Five Words To Conquer “The Toughest Race on Earth”

There are five words that have pushed Mark Wise through more than most people will experience in their lives.

From the battlefields of Afghanistan where he was injured, to the frozen landscapes of the South Pole, to the Sahara Desert where he recently finished running 155 miles over five days.

One. Step. At. A. Time.

While it has become a guiding life philosophy for the Army veteran now, it was once literally all he could muster.Mark Wise

In 2009, Wise – six months into his deployment – was engulfed in a firefight in Afghanistan when the soldier a meter away from him stepped on an IED.

The blast blew Wise’s body armor off.

The left side of his body from head to knees suffered massive tissue loss. He had several fingers on his left hand amputated. His forearms and knees both needed to be reconstructed.
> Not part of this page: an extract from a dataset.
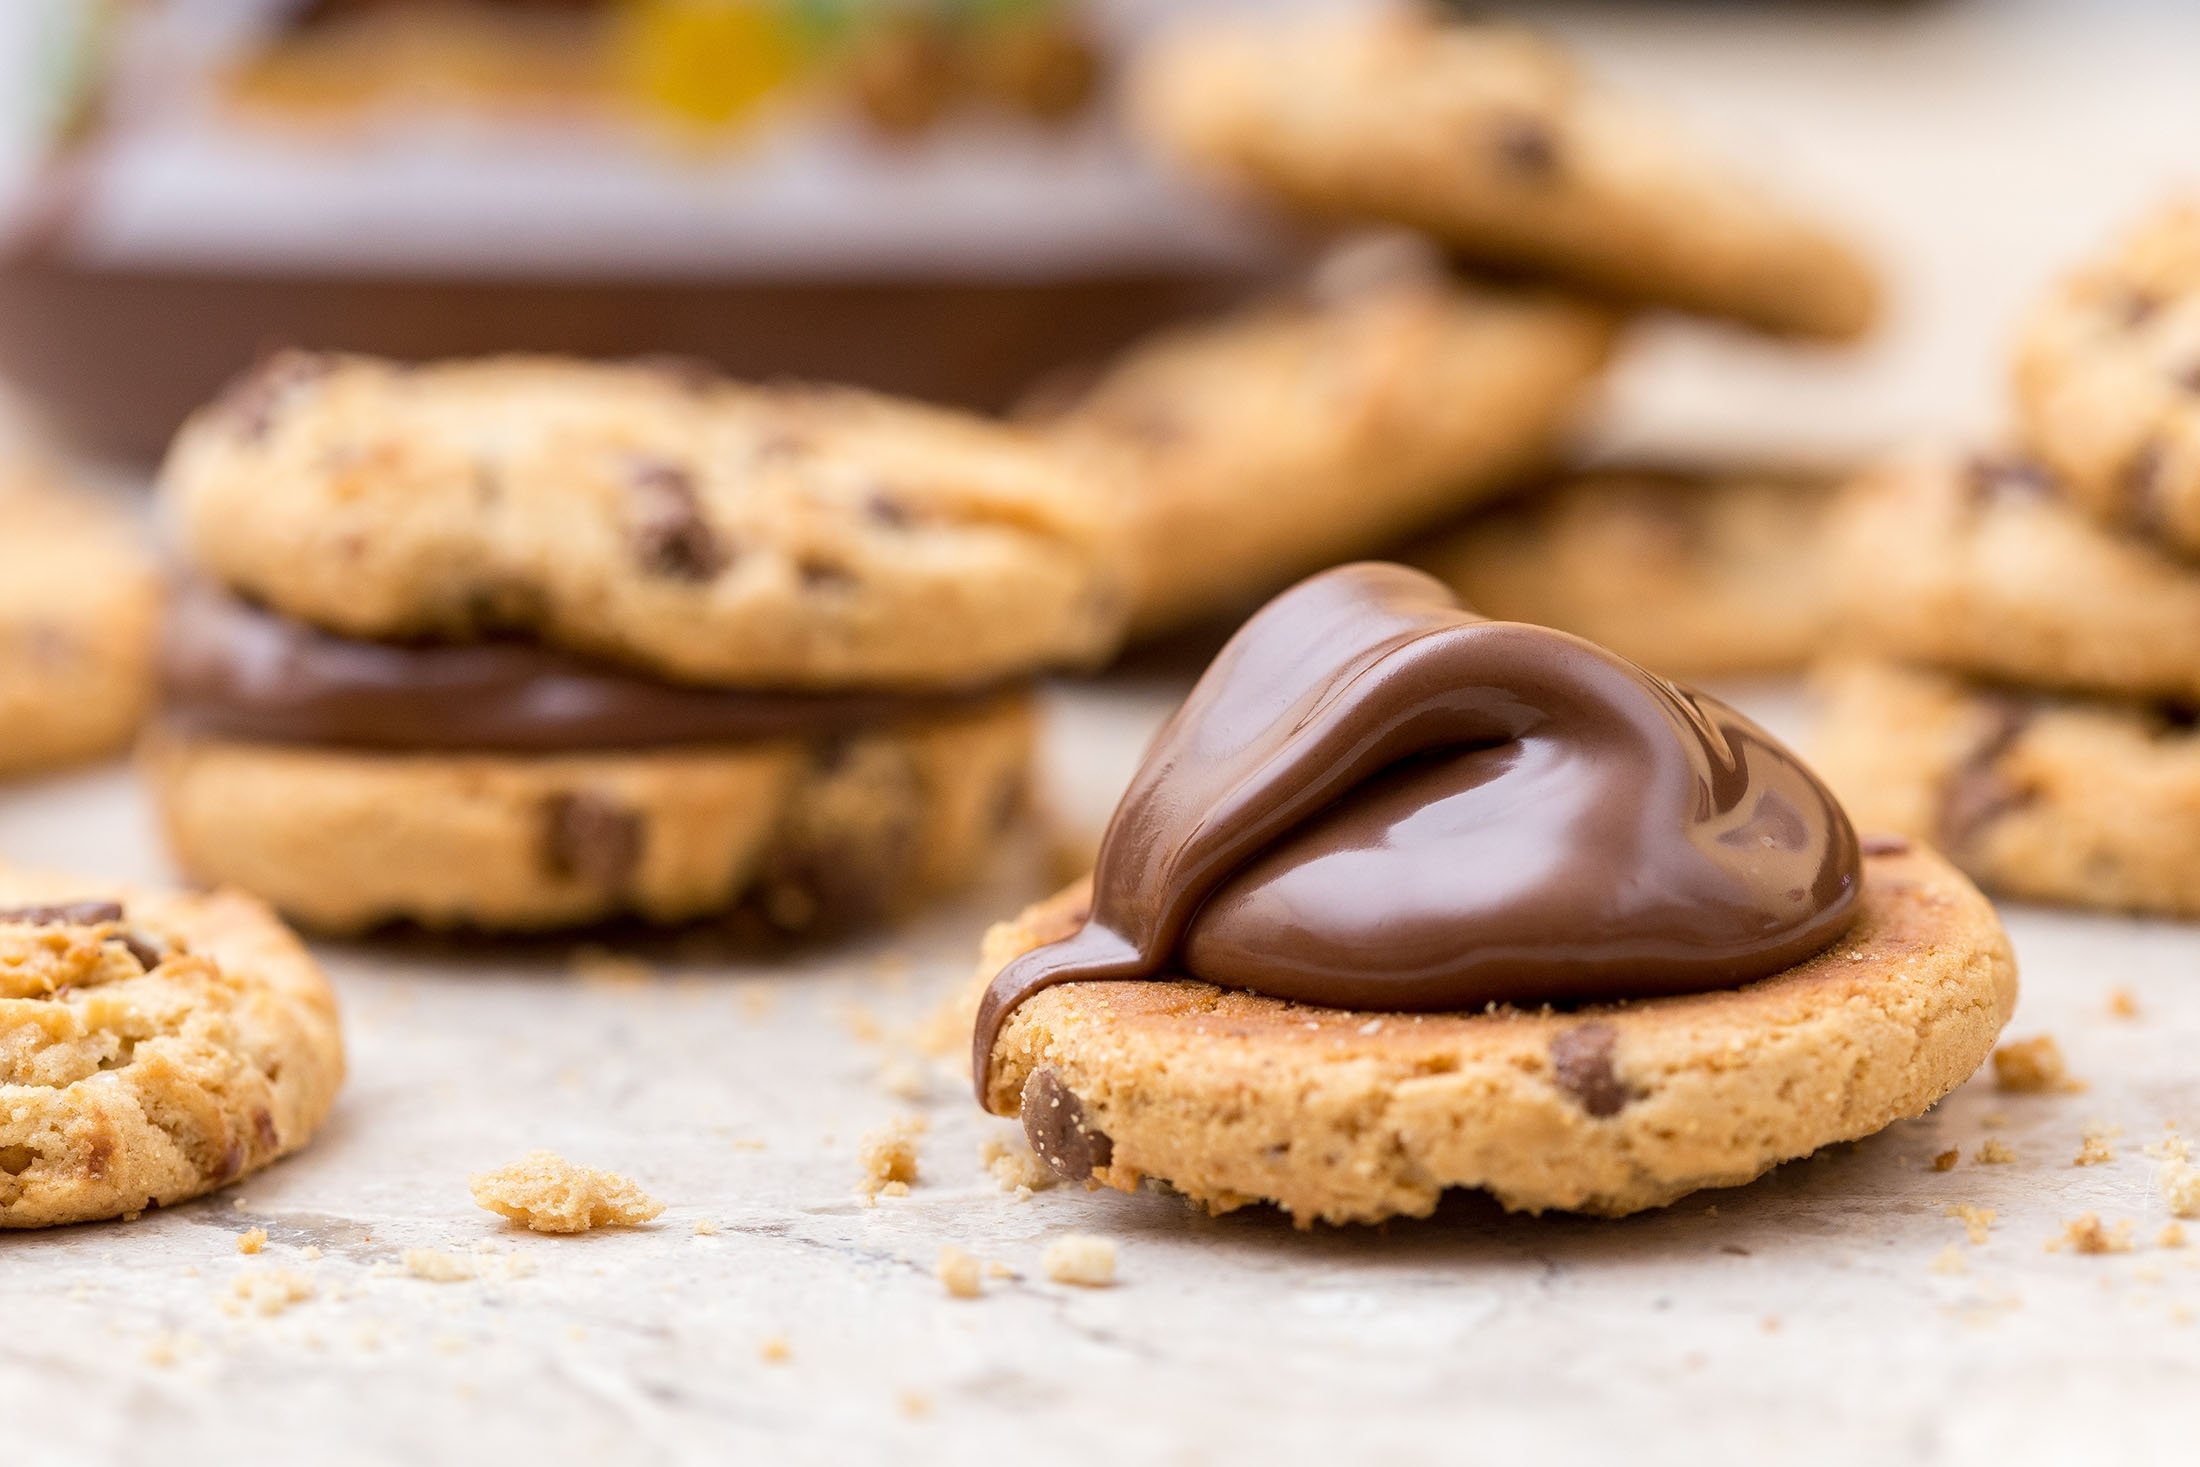 Nutella chocolate on cookies is a great choice. (Shutterstock Photo)

Safe to say you could sum it all up with the phrase: major structural damage.

One. Step. At. A. Time.

Before his deployment, Wise had become more and more interested in weightlifting and running, the latter being the object of his athletic affection. He devoured books about ultramarathon running as he started building his distance.

Then Uncle Sam called. After his accident, the doctors at Walter Reed told him he’d never run again. The thought of that sent him spiraling downward.

But a doctor reached out and invited him on a 50-mile bike ride.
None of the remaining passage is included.